Mon cheval m’embarque en longe… Que faire ?

Dans la série “Horsemanship pour les nuls“, j’avais abordé la problématique de l’attrapage de poney frondeur au pré. N’importe quel cavalier digne de ce nom a du courir un jour ou l’autre après la monture qui lui a été attribuée pour la journée. Dans un autre genre, sur le terrain, on a tous été confrontés à un cheval qui traînait tout le monde à pied, en longe. Je ne compte plus les propriétaires qui m’appellent en me disant : “Mon cheval m’embarque en longe…” Aujourd’hui, c’est de ce fameux souci dont on va parler.

Je connais bien le problème, puisque Trifine est l’ultime spécialiste en la matière. J’ai donc longuement exploré les solutions possibles qui s’offrent à nous en cas de treuillage récurrent. Loin de vous offrir une vérité absolue, je vous propose quelques pistes pour améliorer la situation.

Crédits : Laureline van Overmeir.

Un comportement appris…

Dans quel contexte le comportement est-il apparu la première fois ? Cette toute première fois contient en elle l’essentiel des éléments qui vous aideront à régler le problème.

  • réponse par peur : il a eu très peur de quelque chose, et sans réfléchir, il a fui en arrachant tout au passage. Le challenge sera d’améliorer le fitness émotionnel du cheval, sa capacité à gérer ses émotions, tout en améliorant la réponse à la pression.
  • réponse par agacement : avec certains chevaux cerveau gauche, il arrive que par ennui ou agacement, n’aimant pas un exercice donné ou ne souhaitant pas offrir une meilleure réactivité sur le cercle par exemple, ils décident d’embarquer. Le challenge sera d’améliorer le leadership avec ces chevaux, et de se rendre plus intéressant pour qu’ils n’aient plus envie de s’éloigner.
Une bonne démonstration de Trifine qui m’embarque au pas. Crédits : Laureline van Overmeir.
  • réponse par explosion émotionnelle : un cheval qu’on a poussé trop fort dans un exercice donné, qu’importe l’exercice en question, et qu’on a mis en zone rouge peut avoir pour réponse d’arracher la longe pour s’éloigner de toute cette pression qu’il ne parvient pas à gérer. Dans ce cas-là, ça relève plutôt d’une faute d’éducation de la part de l’humain, et le challenge sera de récupérer la confiance.

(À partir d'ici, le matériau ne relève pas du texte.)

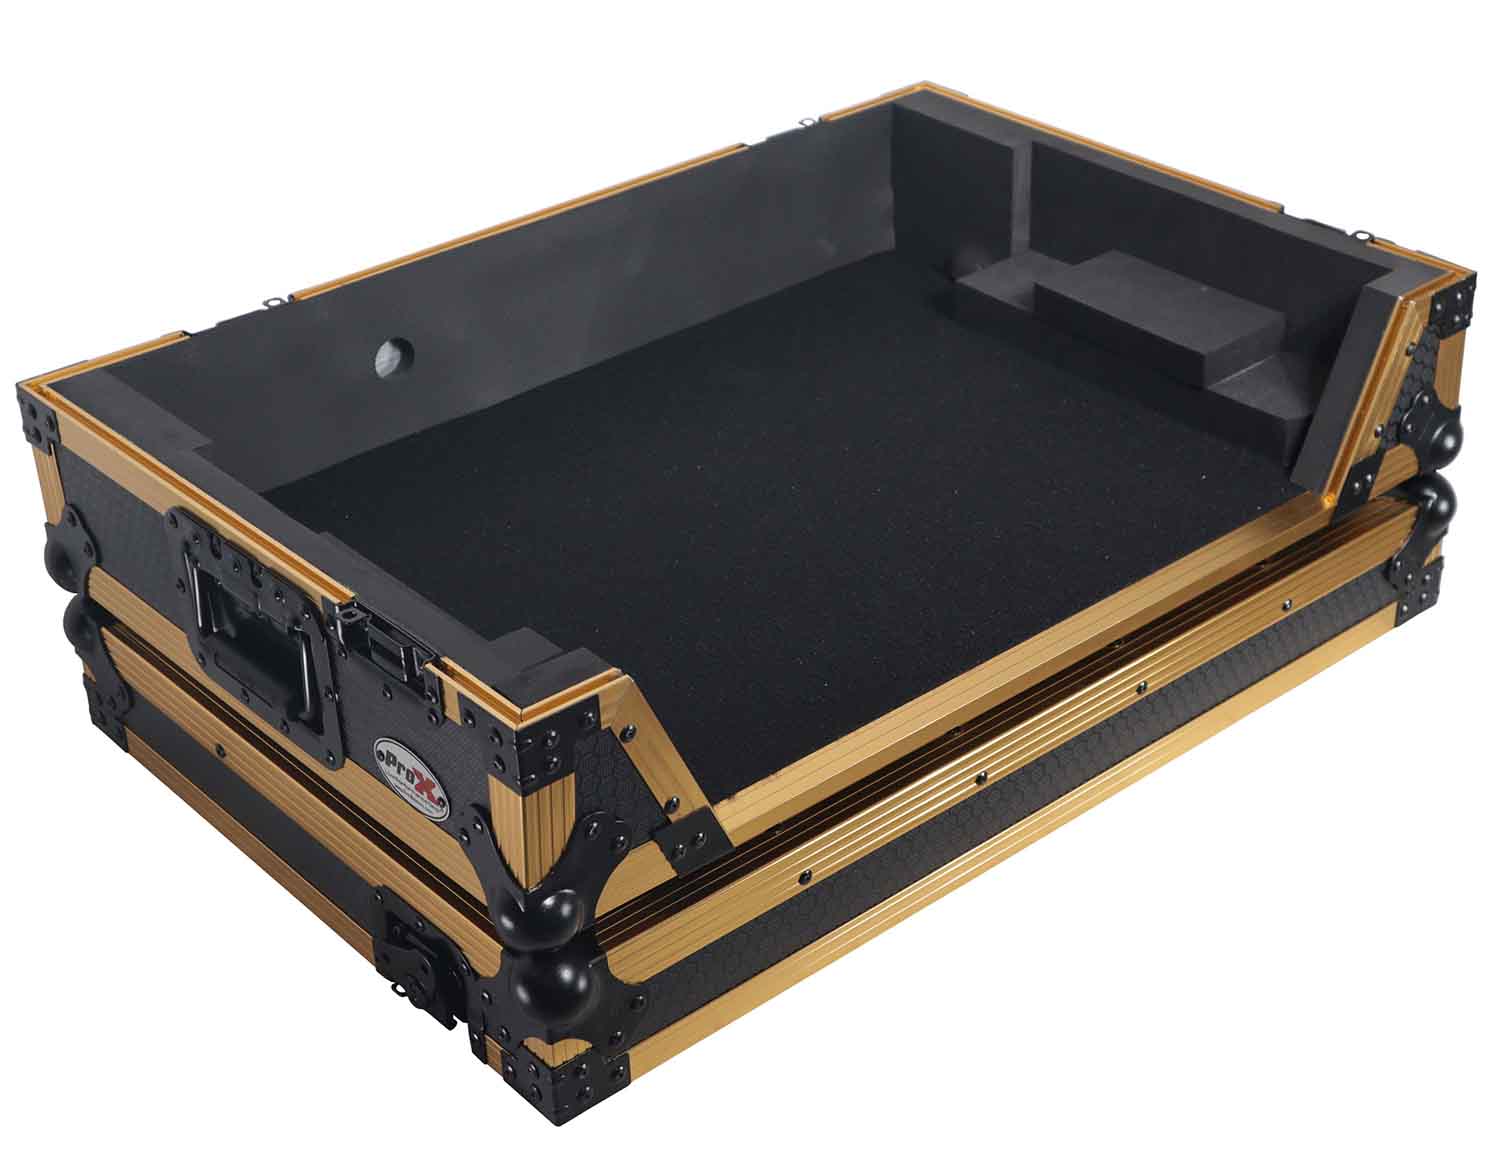 B-Stock: ProX XS-RANEONE W FGLD ATA Flight Style Road Case for RANE ONE DJ Controller with Wheels Limited Edition Gold - Hollywood DJ

De la taille et la force du cheval

Dans mon cas, il est tentant de se dire : “en même temps, tu as vu la force qu’a Trifine…”. Oui, c’est vrai, elle pèse 900 kilos et son caractère pèse au moins autant.

Ce qu’il faut bien garder en tête, c’est que même un poney très déterminé peut parfaitement vous trimballer aussi facilement que Trifine me trimballe. Dans un cas de cheval qui arrache la longe, il s’agit quasiment uniquement d’un problème mental… La force spécifique au cheval n’a que peu d’importance. J’ai eu récemment des chevaux entre les mains bien plus légers et petits que Trifine, mais dont la capacité à treuiller était autrement plus impressionnante.

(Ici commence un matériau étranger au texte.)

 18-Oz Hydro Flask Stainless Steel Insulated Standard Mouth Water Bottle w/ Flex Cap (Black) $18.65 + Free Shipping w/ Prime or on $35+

Si vous avez la tête, avec n’importe quel cheval : vous avez le corps.

Gérer la pression : le fitness émotionnel

Serena.
Photo : Laureline van Overmeir.

Un cheval qui embarque de façon récurrente, quelque soit le stimulus déclencheur, est la preuve-même que la réponse à la pression n’est pas acquise à 100%. Qu’on ne s’y méprenne pas : un cheval reste un animal, qui malgré une éducation extrêmement aboutie, peut être amené à ne plus répondre à nos demandes à cause d’un trop plein émotionnel. Cependant, je prends le risque d’affirmer que plus l’éducation est faite avec qualité et rigueur, plus on réduit les chances que cela arrive. Quand bien même un cheval très éduqué serait terrifié par quelque chose, il est tout à fait capable d’exprimer son angoisse sans arracher la longe de son humain. D’ailleurs, la plupart des chevaux réellement éduqués, et correctement éduqués, ont toujours des peurs ! Éduquer un cheval ne veut pas dire le résigner – et donc éteindre ses capacités émotionnelles. En revanche, cela signifie qu’il a appris à gérer ses émotions.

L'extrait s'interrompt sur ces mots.